Çocuğun yüksek çıkarına açıkça ters düşmediği takdirde, gerekirse kendine veya diğer şahıs ve kurumlar vasıtasıyla, çocuk için elverişli durumlarda ve onun kavrayışına uygun bir tarzda çocuğa danışmalıdır.-çocuğun görüşünü ifade etmesine müsaade etmelidir.
Velayet düzenlemesi yapılırken; göz önünde tutulması gereken temel ilke, çocuğun “üstün yarar”ıdır.
Çocuğun üstün yararını belirlerken; onun bedensel, zihinsel, ruhsal, ahlaki ve toplumsal gelişiminin sağlanması amacının gözetilmesi gereklidir. Ana ve babanın yararları; boşanmadaki kusurları, ahlaki değer yargıları, sosyal konumları gibi durumları, çocuğun üstün yararını etkilemediği ölçüde göz önünde tutulur.

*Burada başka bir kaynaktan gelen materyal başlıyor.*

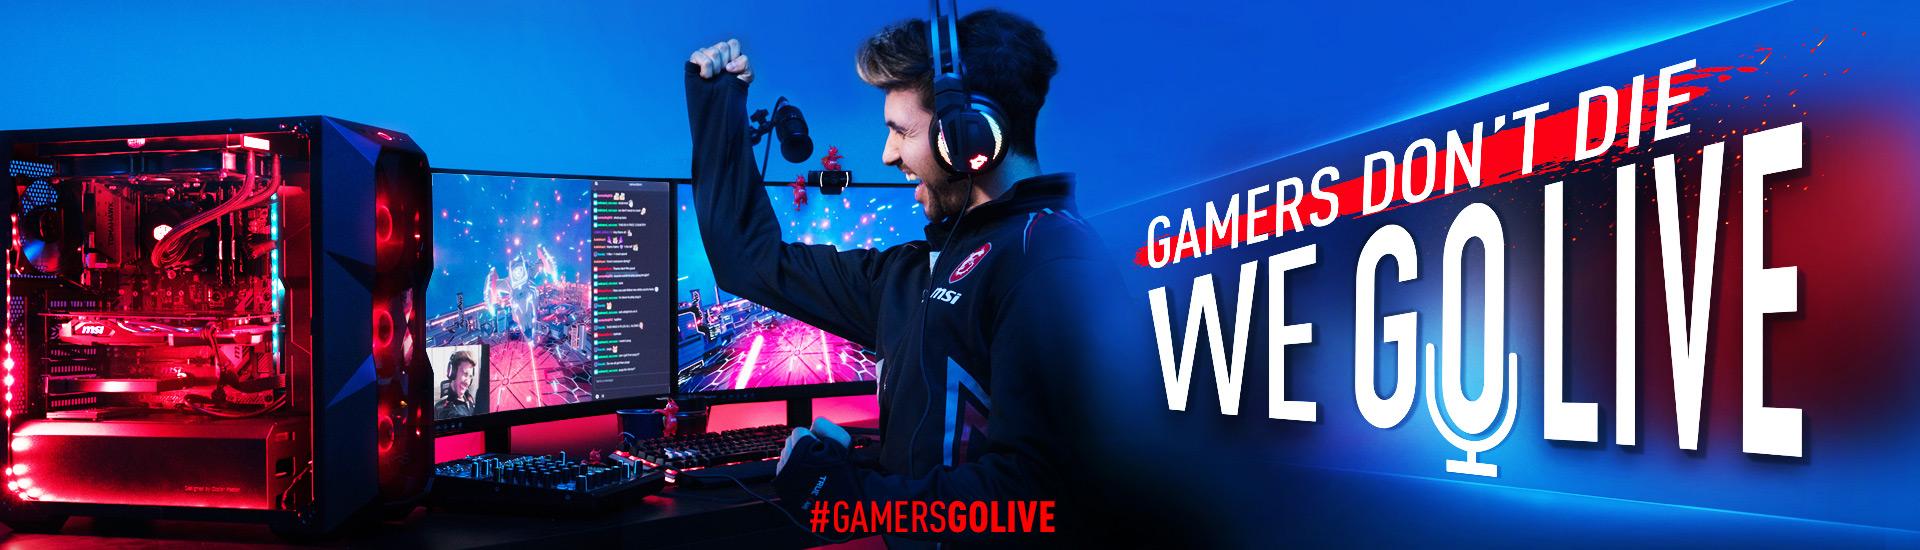 B450 GamersGoLive campaign

Birleşmiş Milletler Çocuk Haklan Sözleşmesinin 12. ve Çocuk Haklarının Kullanılmasına ilişkin Avrupa Sözleşmesinin 3 ve 6. maddeleri idrak çağındaki çocukların kendilerini ilgilendiren konularda görüşünün alınması ve görüşlerine gereken önemin verilmesini öngörmektedir. İlgili Yargıtay kararı aşağıda ki gibidir;
https://emsal.yargitay.gov.tr/VeriBankasiIstemciWeb/yeniTasarim/index.jsp
Hukuk Genel Kurulu 2011/2-547 E., 2011/695 K.
- BOŞANMA
- VELAYET
- 4721 S. TÜRK MEDENİ KANUNU [ Madde 337 ]
- 4721 S. TÜRK MEDENİ KANUNU [ Madde 340 ]
- 4721 S. TÜRK MEDENİ KANUNU [ Madde 342 ]
- 4721 S. TÜRK MEDENİ KANUNU [ Madde 346 ]
- 0 S. ÇOCUK HAKLARINA DAİR SÖZLEŞME [ Madde 12 ]
“İçtihat Metni”
Taraflar arasındaki “Boşanma, velayet” davasından dolayı yapılan yargılama sonunda; Antalya 3.Aile Mahkemesince davanın kabulüne dair verilen 27.07.2010 gün ve 2010/396 E- 2010/867 K.sayılı kararın incelenmesi davalı tarafından istenilmesi üzerine, Yargıtay 2.Hukuk Dairesinin 24.11.2010 gün ve 2010/20537-19369 sayılı ilamı ile;
(“…Mahkemece bozmaya uyulmuştur. Bu durumda bozma gereğince işlem yapılması zorunludur. Uyulan bozma kararında idrak çağındaki çocuğun mahkemece dinlenmesi ve velayetle ilgili tercihinin sorulması gerekirken, uzmana ifade ettiği görüşün yeterli kabul edilmesi doğru bulunmamıştır.”)
gerekçesiyle, bozma sebebine göre diğer yönler incelenmeksizin bozularak dosya yerine geri çevrilmekle, yeniden yapılan yargılama sonunda, mahkemece önceki kararda direnilmiştir.
TEMYİZ EDEN : Davalı vekili
HUKUK GENEL KURULU KARARI
Hukuk Genel Kurulunca incelenerek direnme kararının süresinde temyiz edildiği anlaşıldıktan ve dosyadaki kağıtlar okunduktan sonra gereği görüşüldü:
Dava, evlilik birliğinin temelinden sarsılması hukuksal nedenine dayalı boşanma ve küçüğün velayetinin anneye verilmesi istemine ilişkindir.
Mahkemece, tarafların boşanmalarına, çocukları 02.04.1998 doğumlu Ali Baran’ın velayetinin davacı anneye verilmesine karar verilmiştir.
Davalı tarafın temyizi üzerine Özel Dairenin 01.03.2010 tarih ve 2009/18194-2010/3704 sayılı ilamıyla; diğer temyiz itirazları reddedilmiş, tarafların çocuğu A.. B…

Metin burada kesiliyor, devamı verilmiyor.